From the listing below, give again exactly the lines from the line with "Medi-Test Combi 5s Urine Test Strips x 100" to the line with "În zori în Lačnovsko - retro 2002", ends included, without any pictures.

===== INPUT MATERIAL =====

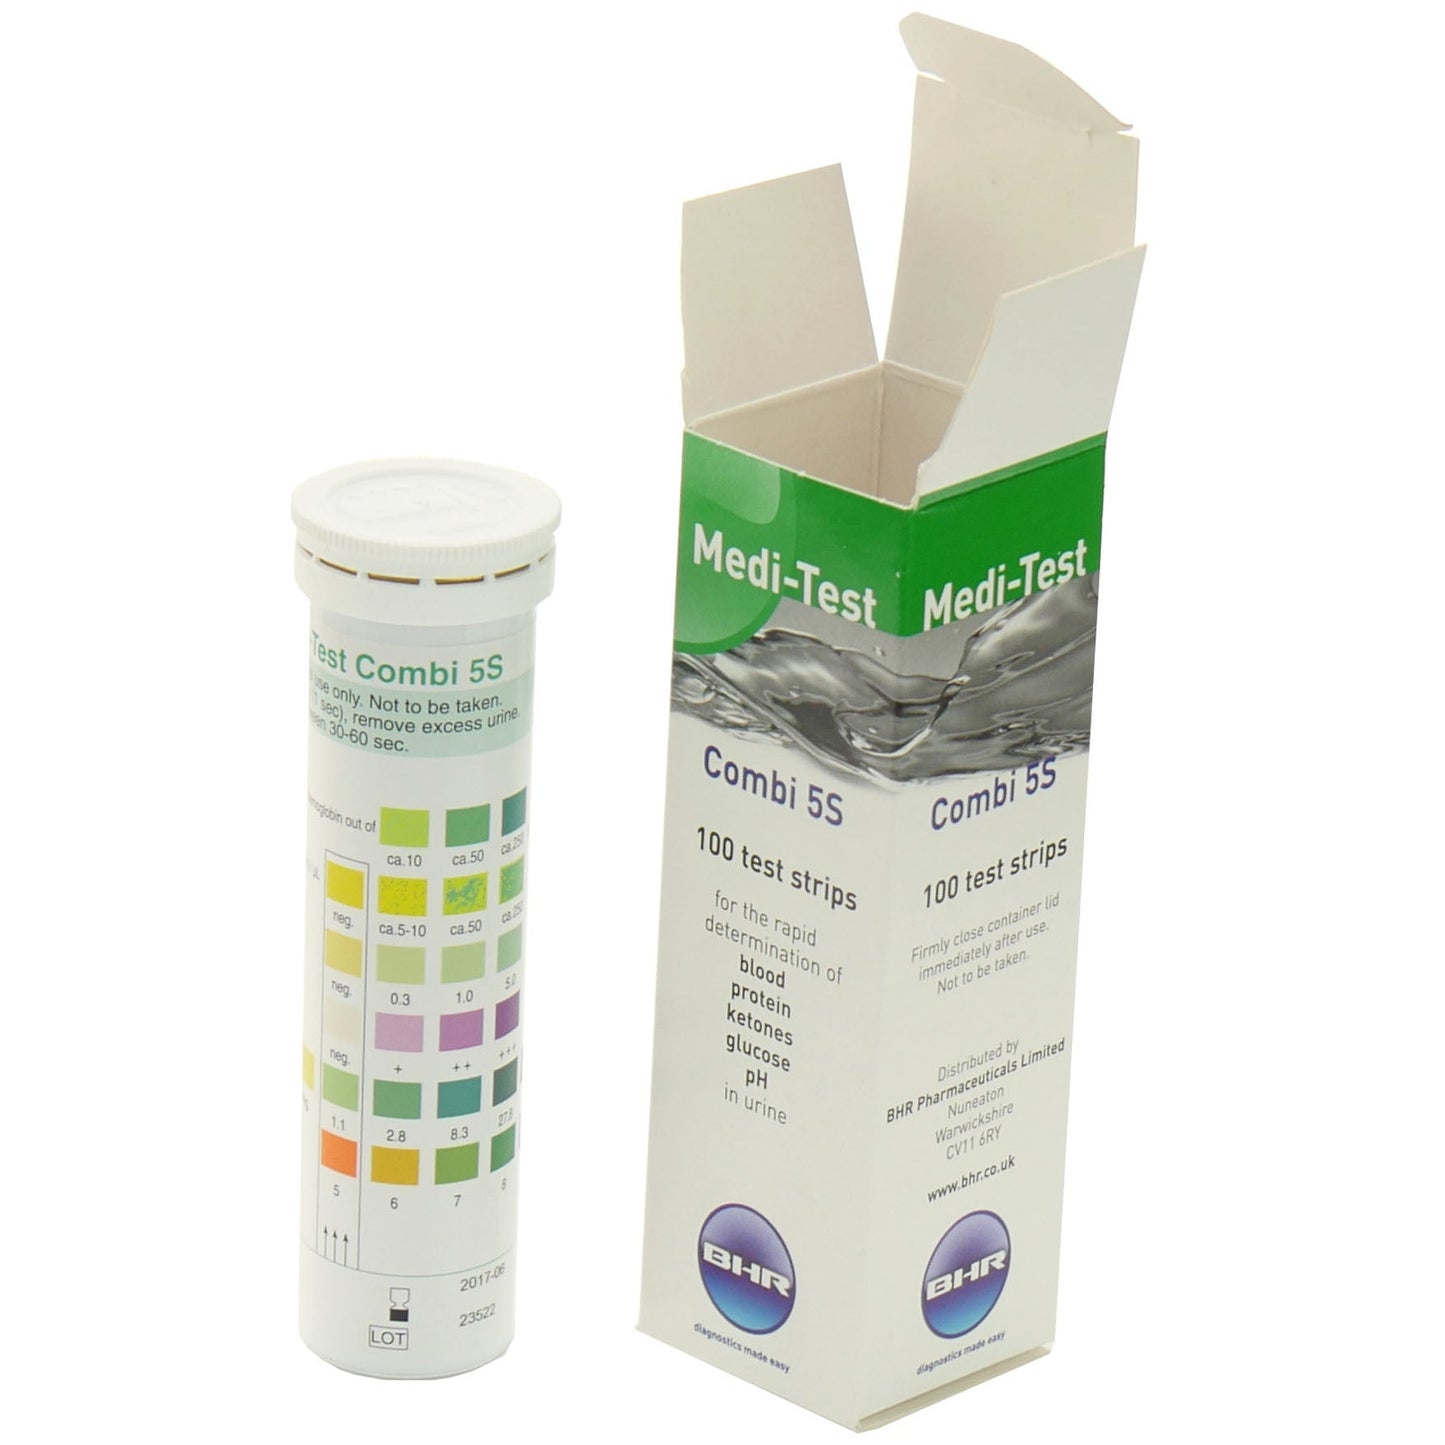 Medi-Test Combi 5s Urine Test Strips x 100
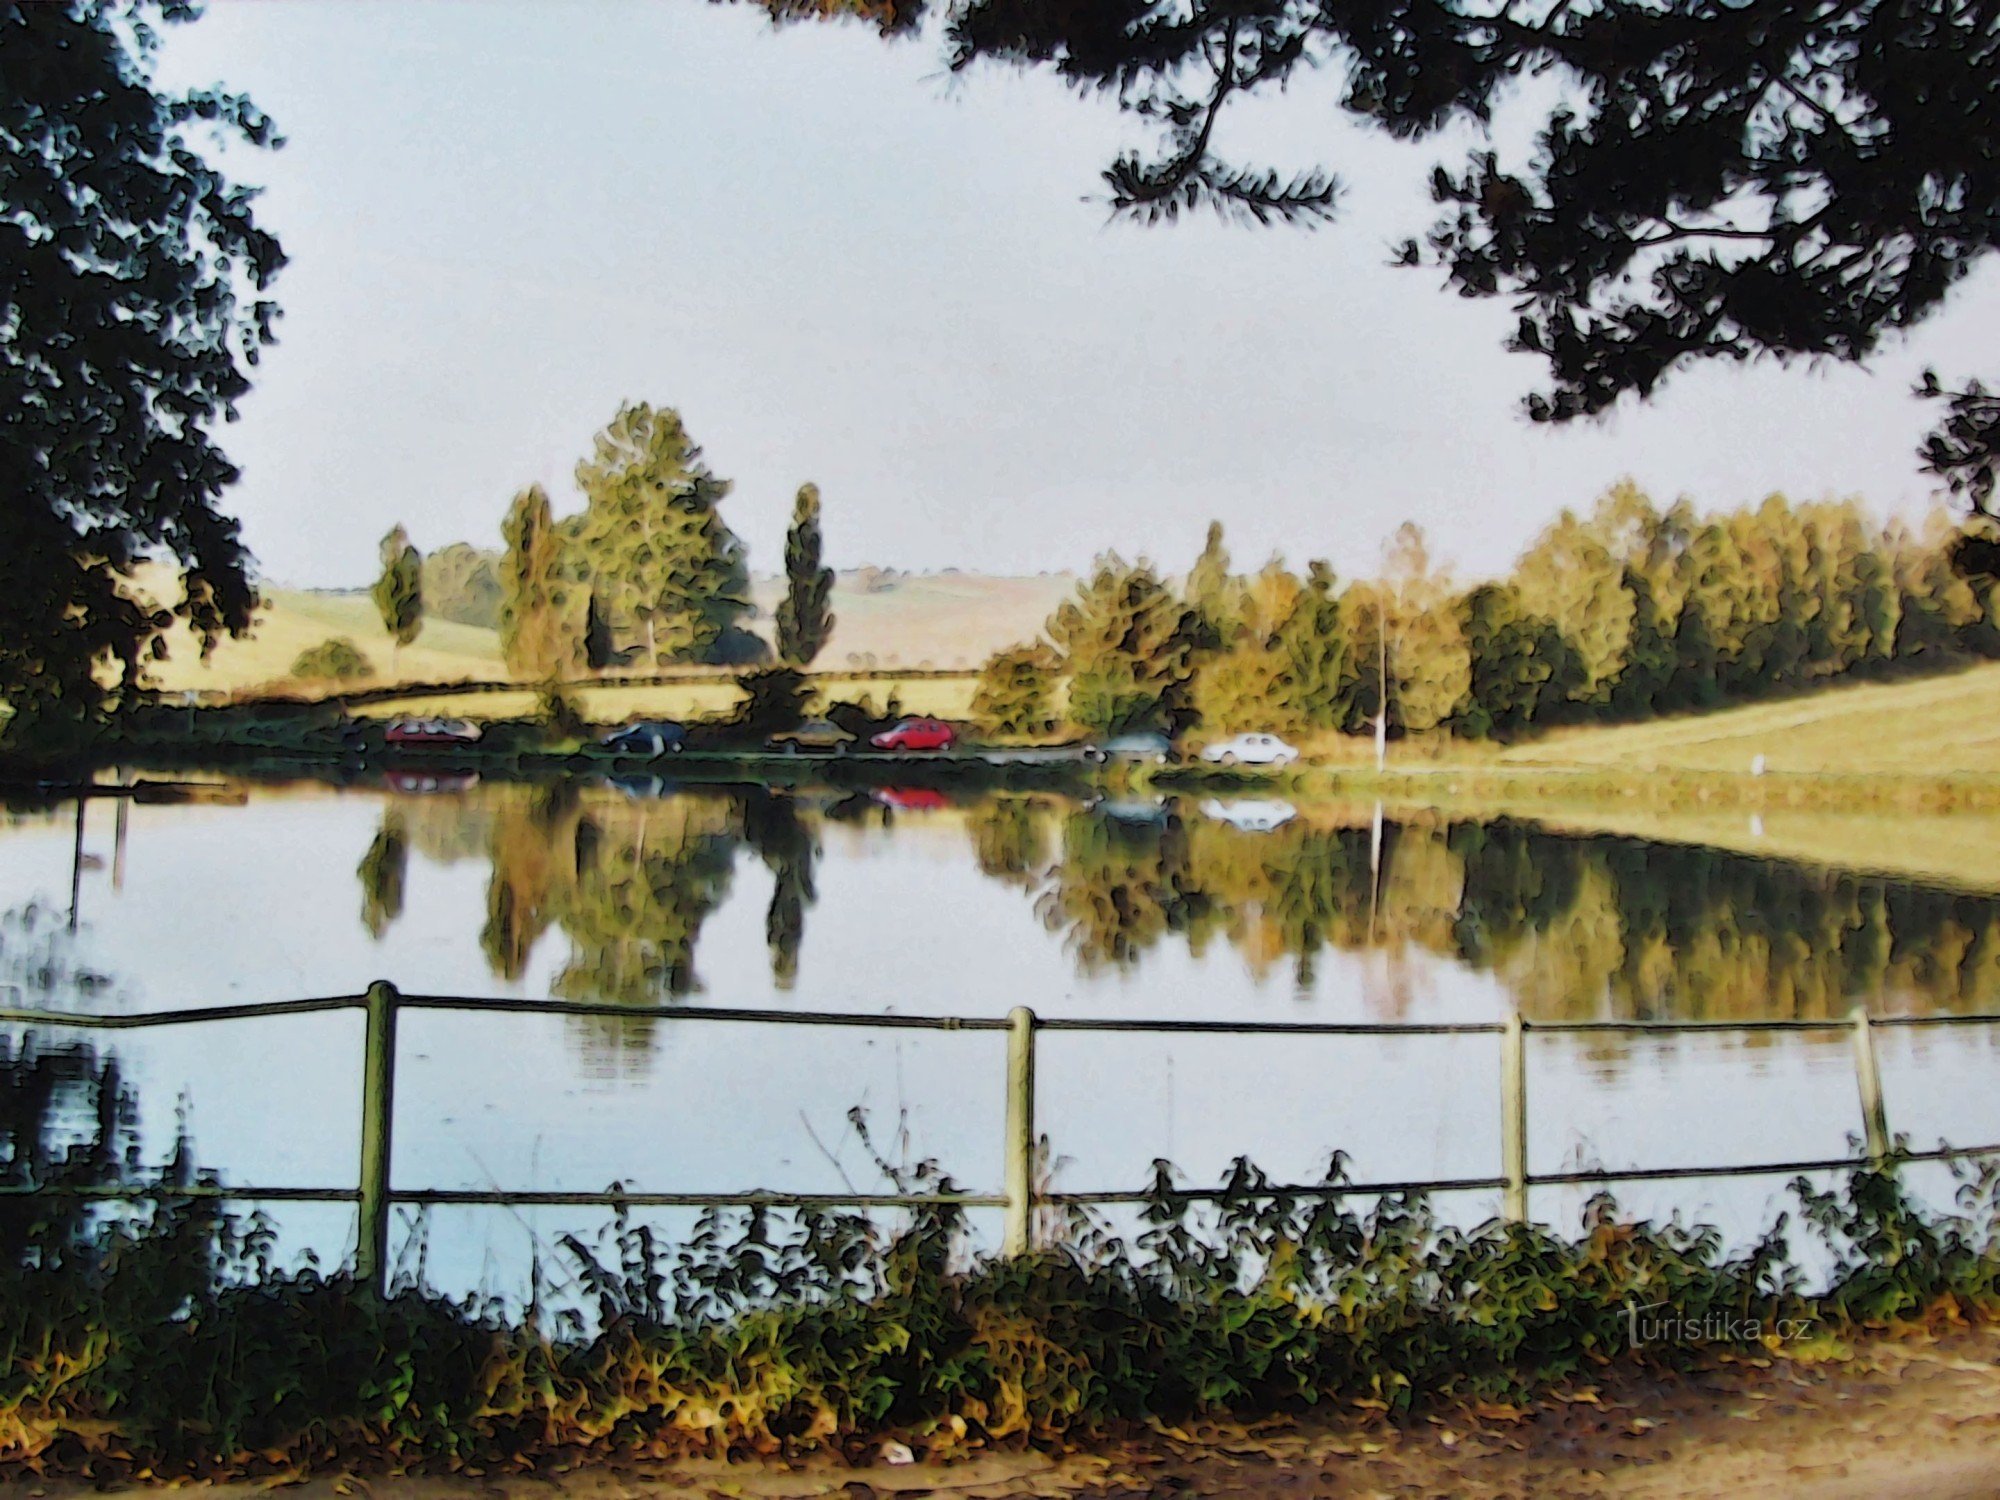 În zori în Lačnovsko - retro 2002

=====
===== INPUT MATERIAL =====

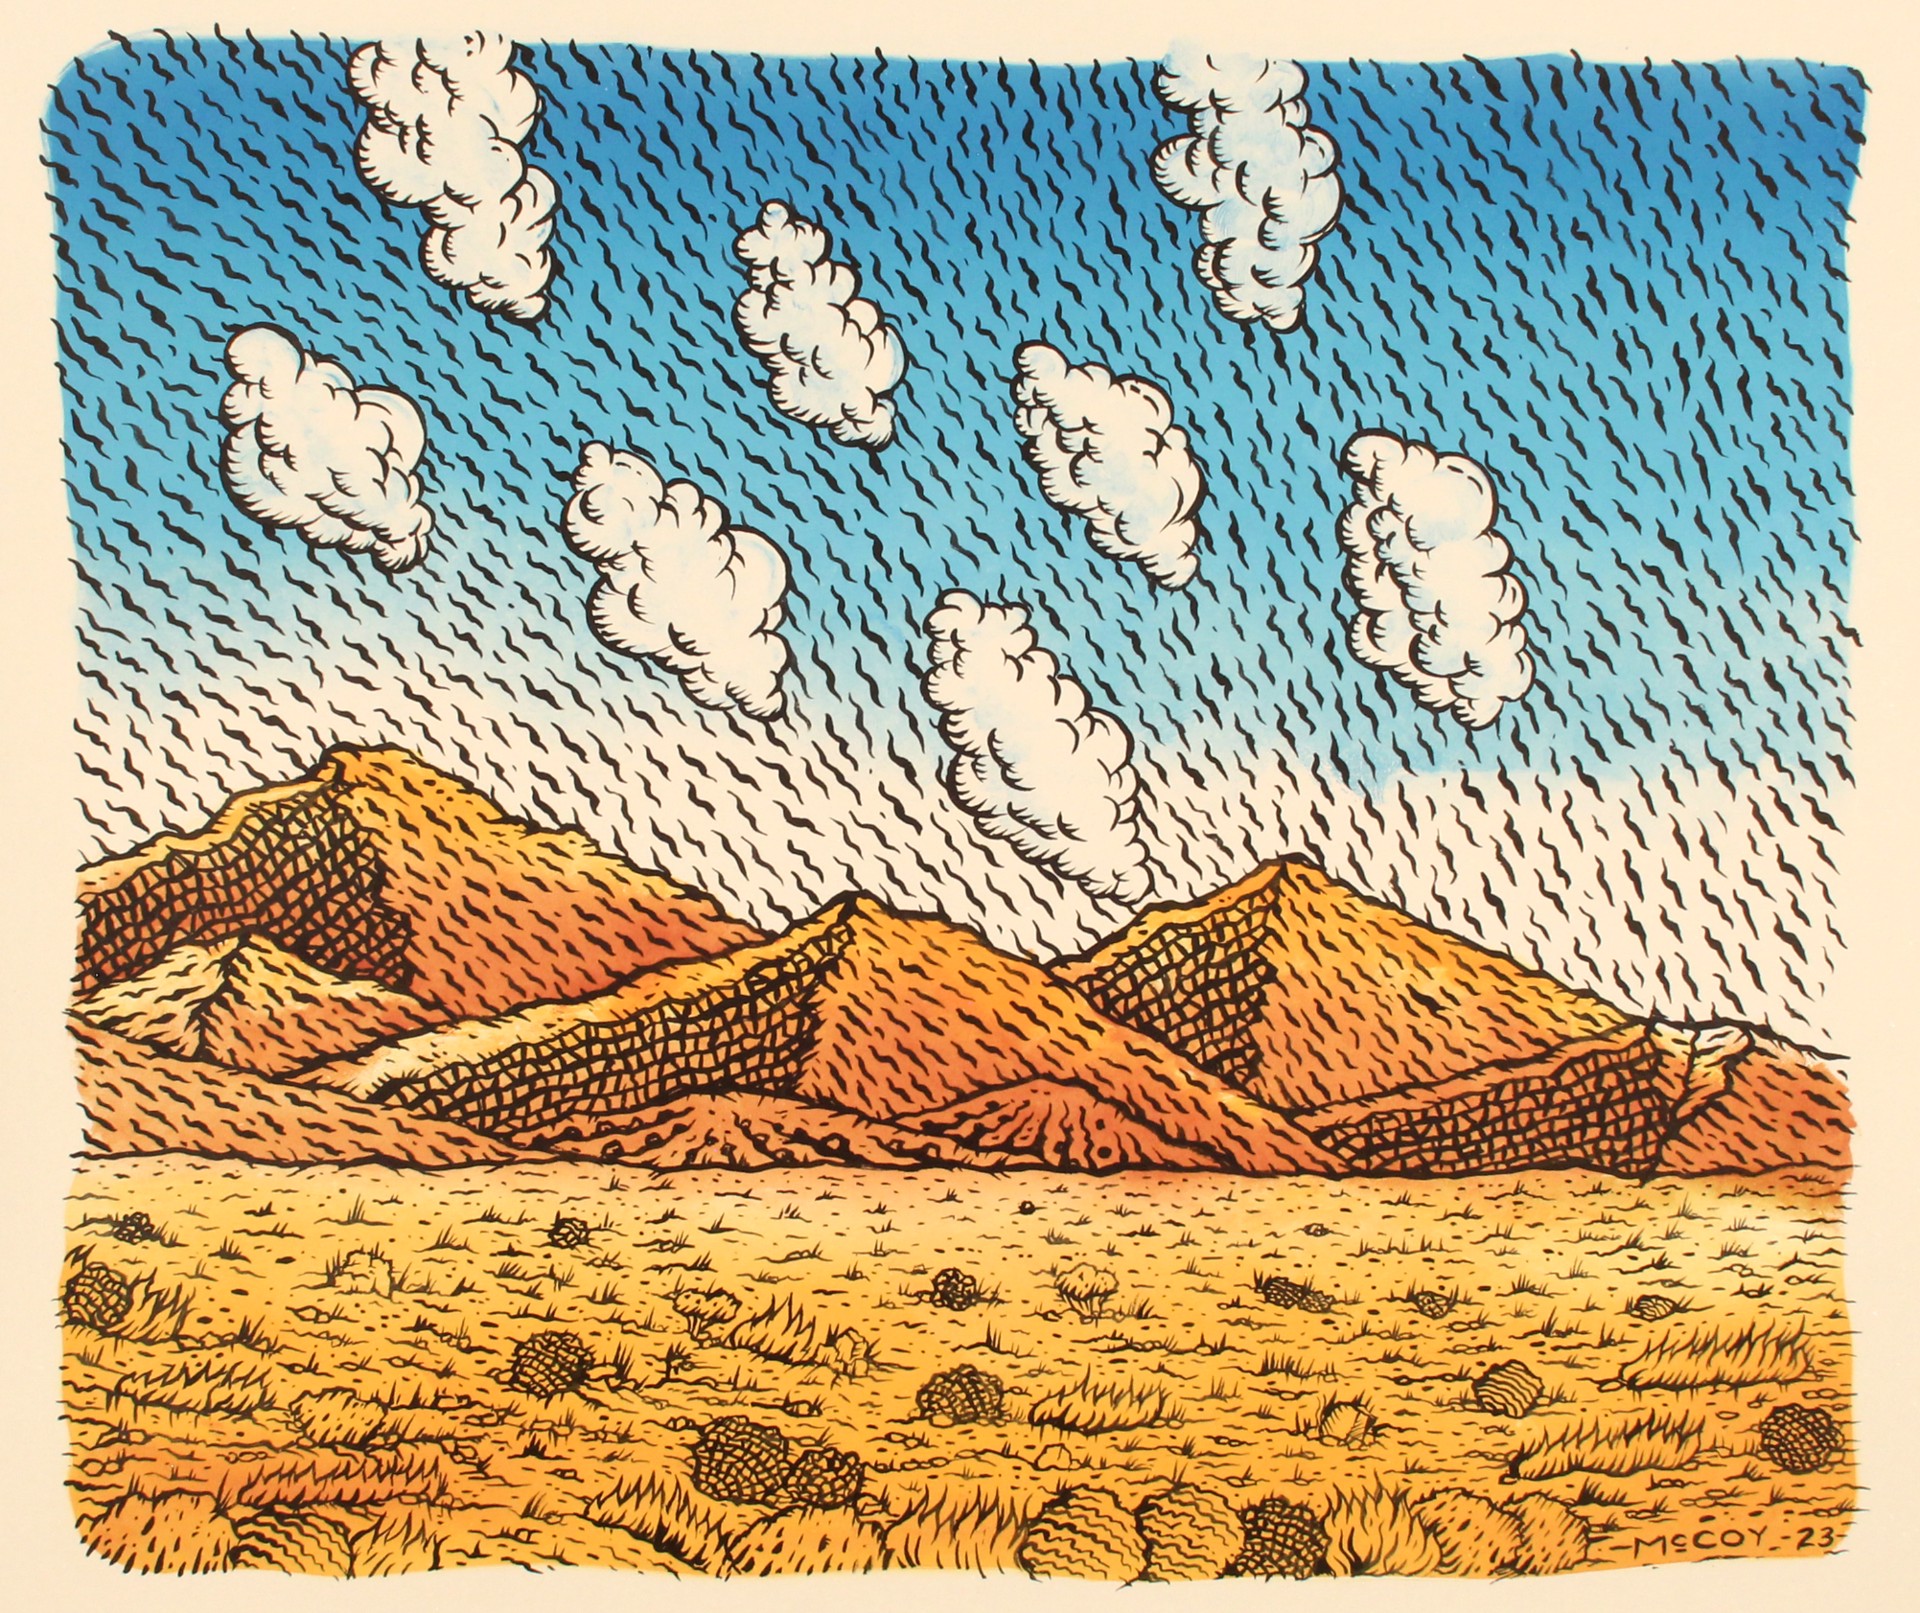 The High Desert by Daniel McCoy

=====
===== INPUT MATERIAL =====

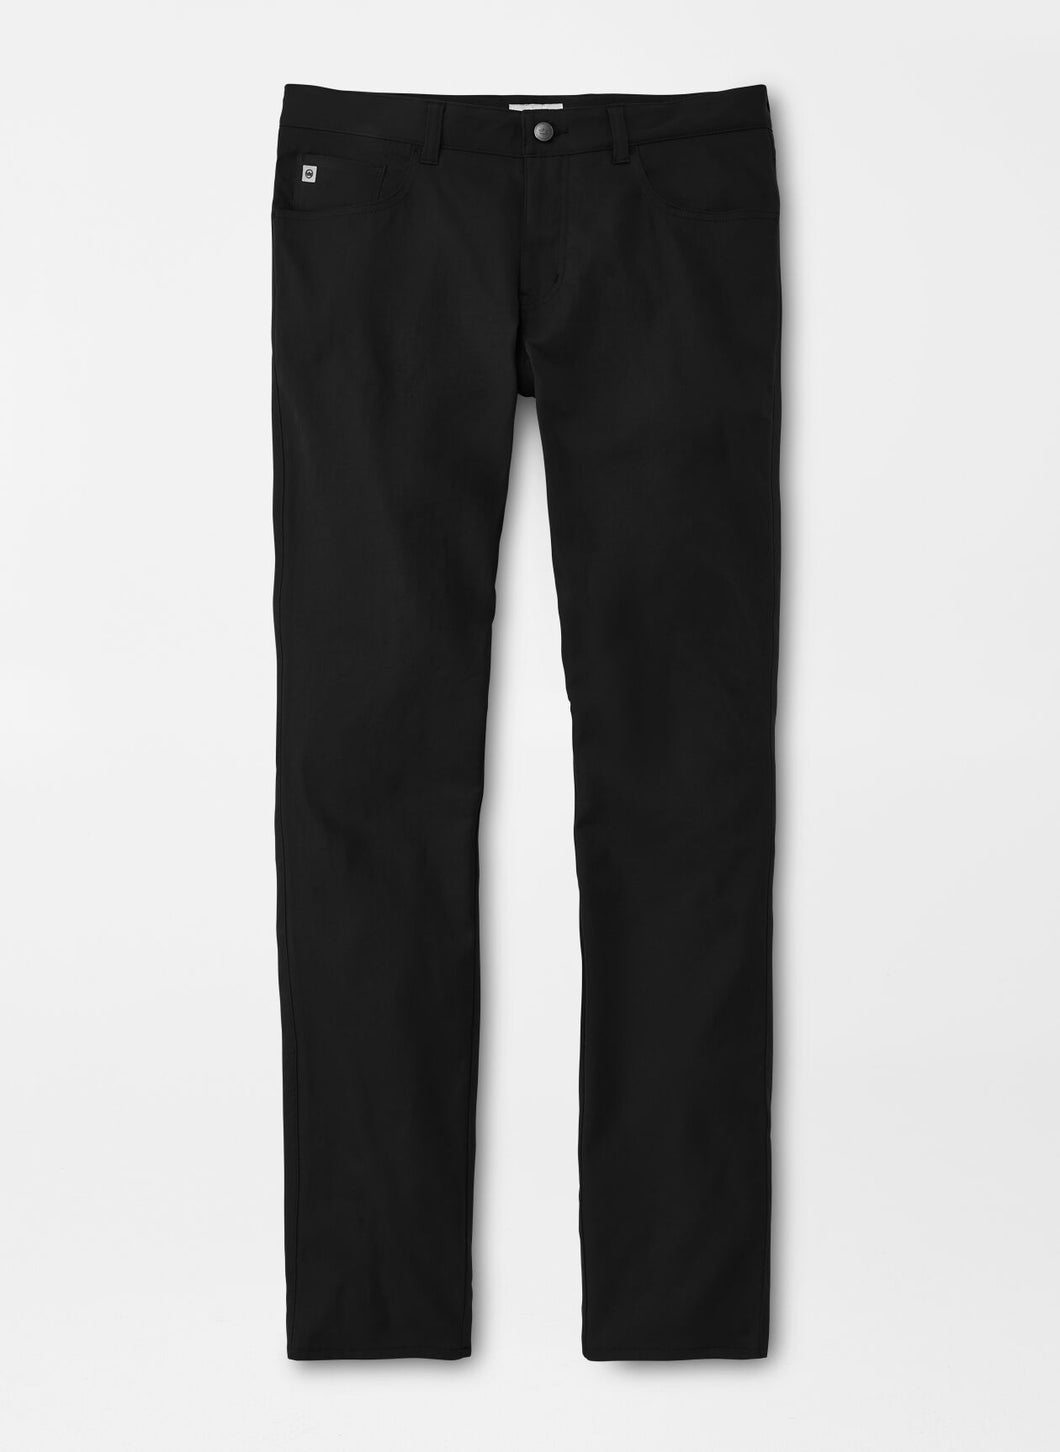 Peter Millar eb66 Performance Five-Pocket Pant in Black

=====

● RESULT OF THE EXERCISE:
 Medi-Test Combi 5s Urine Test Strips x 100
 În zori în Lačnovsko - retro 2002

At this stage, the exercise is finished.